С другой стороны, статьи и книги X и Y добавляли нам недостающей славы, пусть и неприятно было ходить в литературных козявках, лилипутах, воришках, врунишках - как те нас без зазрения совести обзывали.
Все упиралось в наши отношения с тобой. Ах, почему, ты не умер раньше - прежде, чем написал этот свой подлый стих. И почему твое мнение - не частное мнение частного человека, что мы и пытались доказать, когда нам пинали этим стихом в морду, но авторитарным, окончательным, абсолютным, отмене не подлежащим?
– История нас рассудит, - говорили мы, имея в виду не только этот стих, но и твою преувеличенную при жизни и post mortem нобелевскую славу. – Ведь если даже взять последний роман Y о нем, то это не только панегирик, вовсе не панегирик.
– Вы присоединяетесь к критике Y?
– Провокационный вопрос. У нас достаточно собственных претензий к его стихам, чтобы не заимствовать аргументы из этой клеветнической книги.
-По-вашему, все книги Y клеветнические?
– Все.
– Включая его романы, не имеющие отношения к реальности? Типа...
Тут мы не выдерживаем:
– Сколько можно о нем! В конце концов, сегодня мой вечер.
Вечер на этот раз будет, к сожалению, не в Манхэттене, как мы надеялись, а в Бруклине, и народу придет мало – не как в тот раз, когда мы уломали вести наш вечер тогда еще живого тебя, и, покривлявшись для вида, ты согласился, но тогда была еще горшая обида: народ пришел не на нас, а на тебя, и в антракте все тебя окружили, а мы стояли в стороне неприкаянные, а со второго отделения ты и вовсе демонстративно свалил, а потом пришлось через Довлатова цыганить твое выступление в письменном виде в качестве предисловия к книжке – ты дал, но в отместку написал тот подлый против нас стих, который теперь цитируют все наши зоилы. А то, что ты в предисловии сравниваешь нас с Горацием, так это, говорят они, в смысле коллаборации с властями.
Хороша себе коллаборация! А фельетон о нас в «Крокодиле»? А статья против нас в «Правде», пусть это было уже в пору гласности, когда «Правда» свой прежний директивный авторитет утеряла? Мог бы, кстати, по «Голосу» заступиться. Разве мы не хоронили твоего отца? Разве не посылали тебе с оказией наши книжки, а их у нас, пока ты там прохлаждался и премии получал, вышло с дюжину? Почему же ты тогда сочинил этот гнусный стих и посвятил его нам?
Письмо в оазис!
Какой там оазис? Как приходилось изворачиваться!

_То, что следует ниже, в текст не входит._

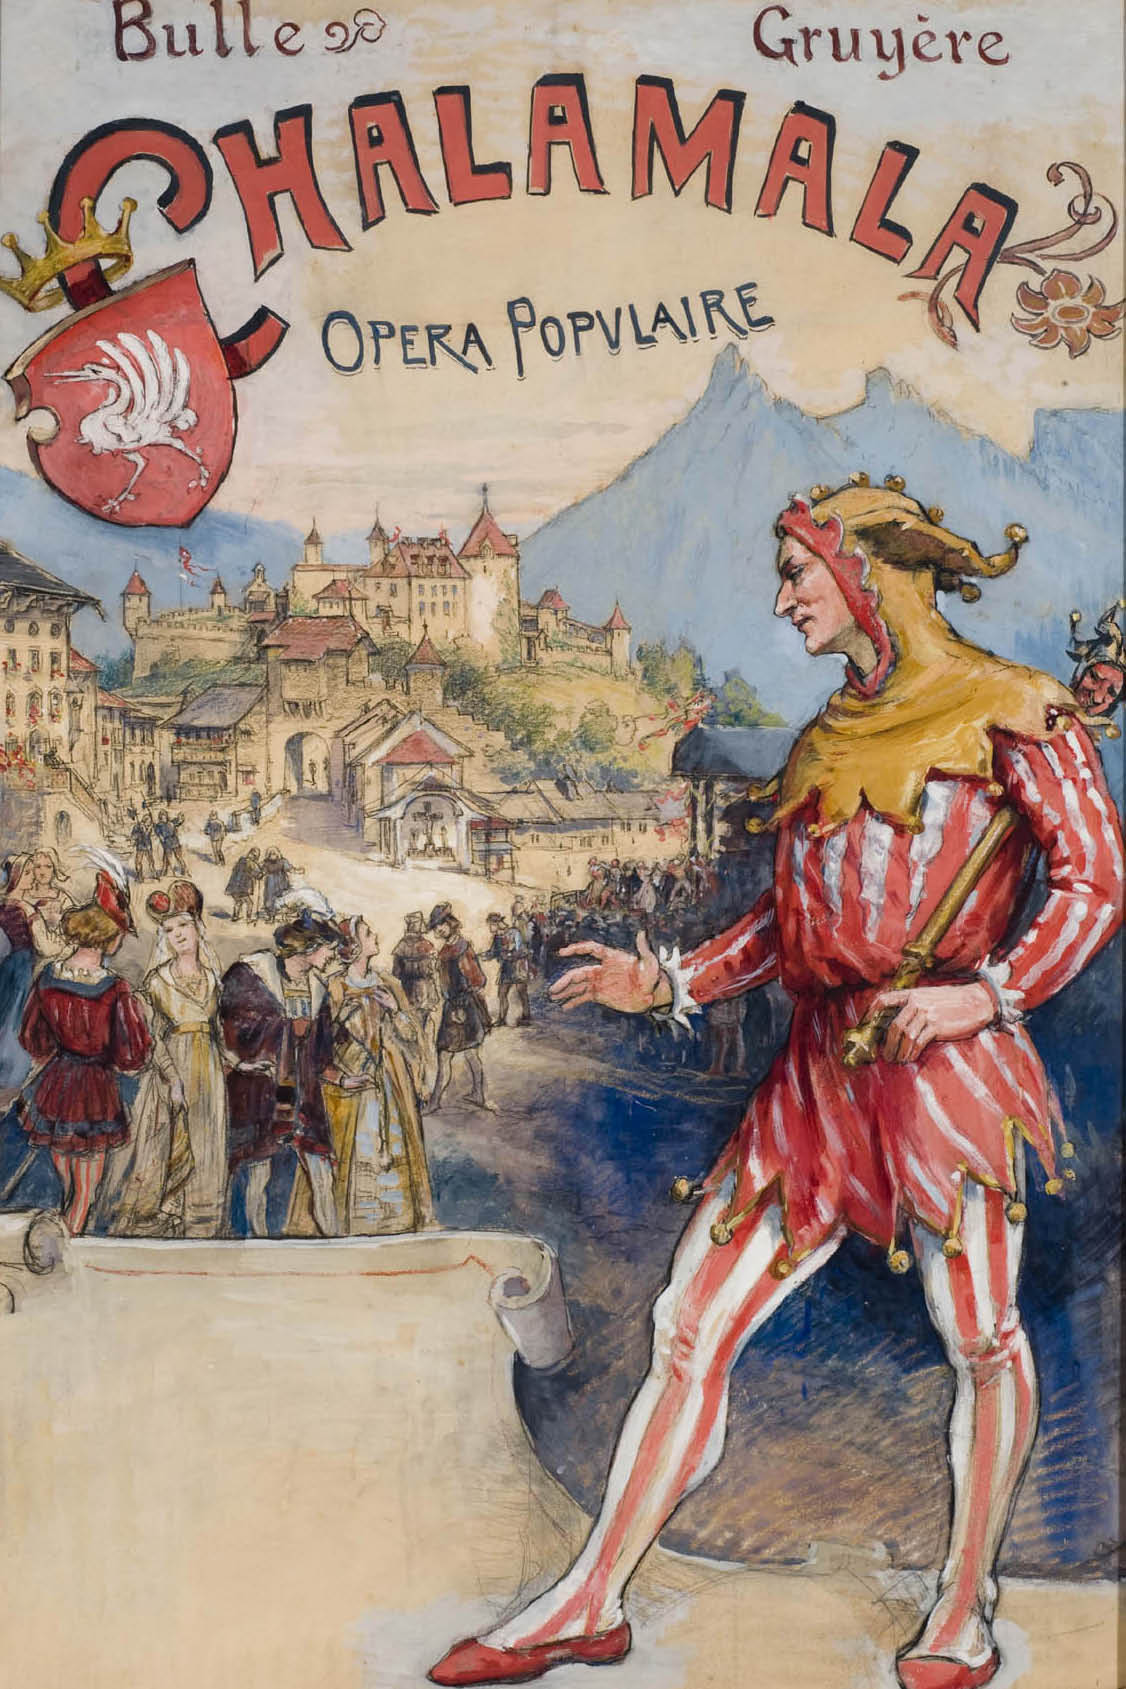 «Chalamala Opéra populaire» a Gruyères, progetto per il manifesto dello spettacolo a Bulle nel 1910 © Musée gruérien, Bulle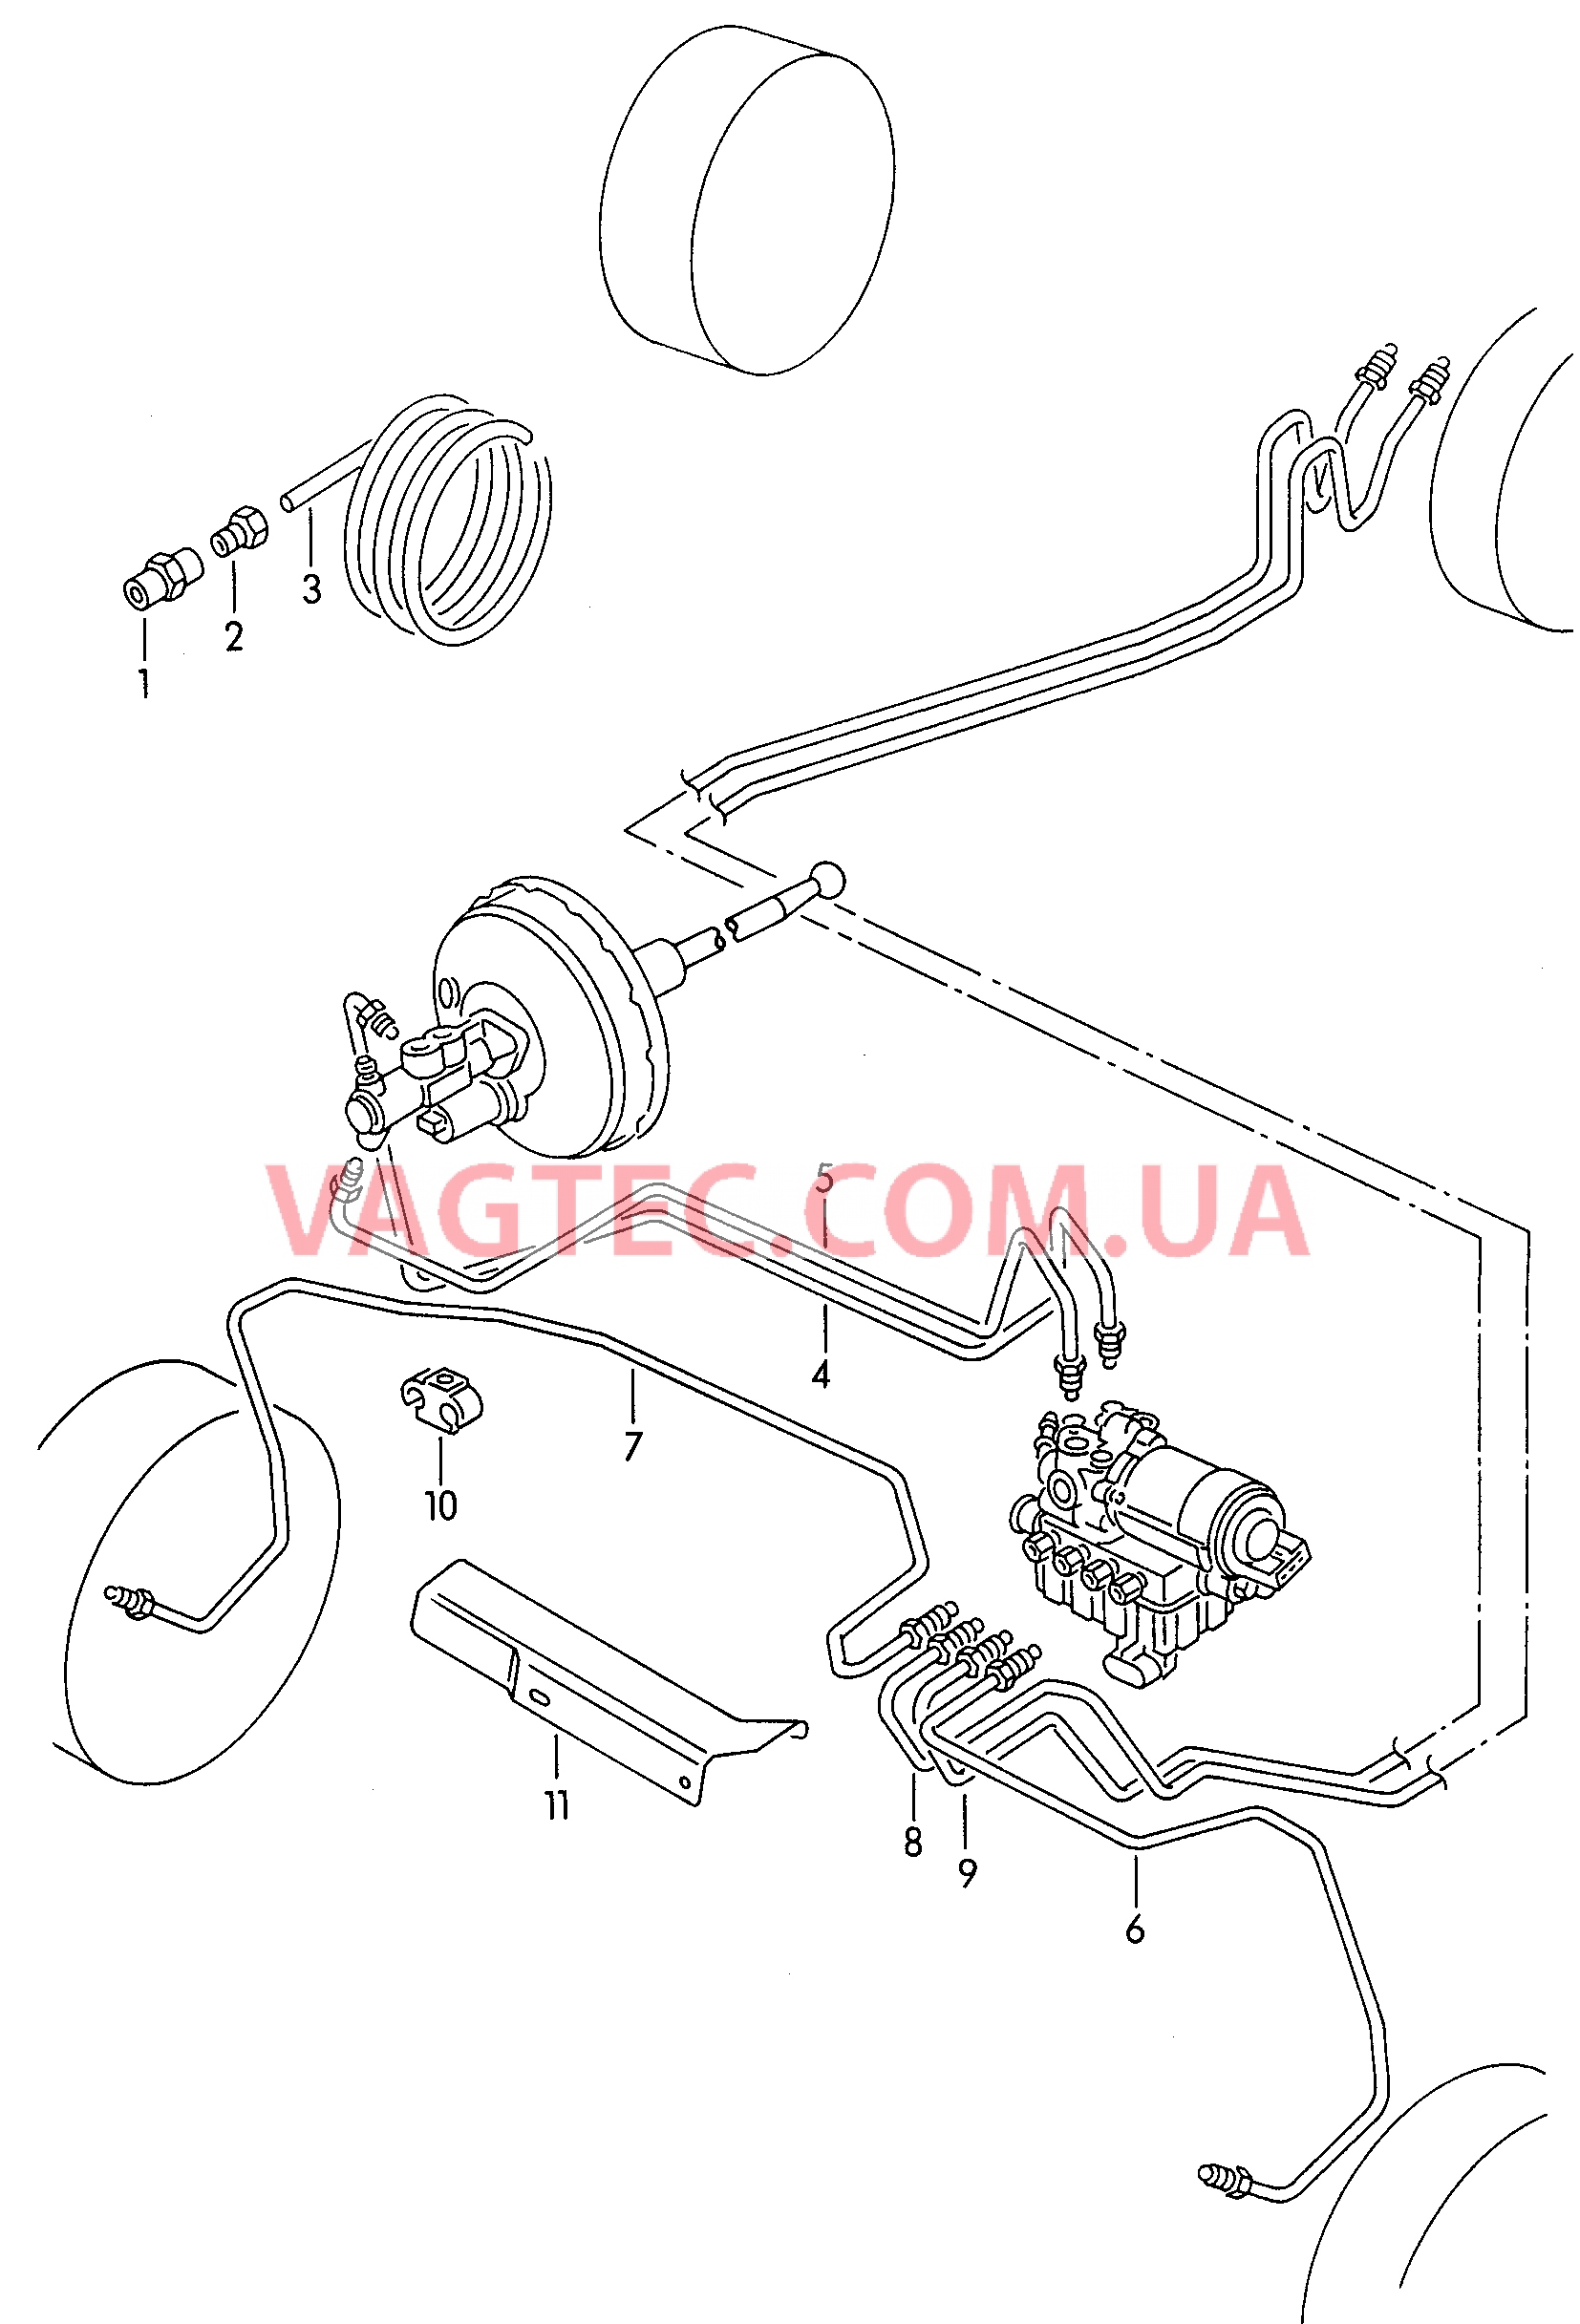 Тормозная трубка для а/м с антиблокировочной системой тормозов        -ABS-  для SEAT Ibiza 2002

Каждый наш приезд в Америку мы ждали подвоха, а потому нападали первыми – на всех вас троих, хотя о наскоках X здесь мало кто слышал, зато о наших контроверзах с покойником знали все со слов Y. В этот раз случилось досадное недоразумение – в емельной и бумажной рекламе мы были указаны как редактор в 60 годах подпольного диссидентского самиздатного журнала «Синтаксис», чего никогда не было и быть не могло при нашей лояльности властям и благополучной советской судьбе, но исправлять было поздно, и организаторша сказала, что так придет больше народу. А народу все равно придет мало, и первым вопросом будет, как он решился пойти на такой риск и издавать антисоветский журнал?
С самого начала казус. Что нам остается?
– Ошибка, - честно скажем мы. - Мы никогда не были редакторами «Синтаксиса», хотя с властями не всегда в ладах. Но политической деятельностью не занимались. Поэзия и политика – никакой связи.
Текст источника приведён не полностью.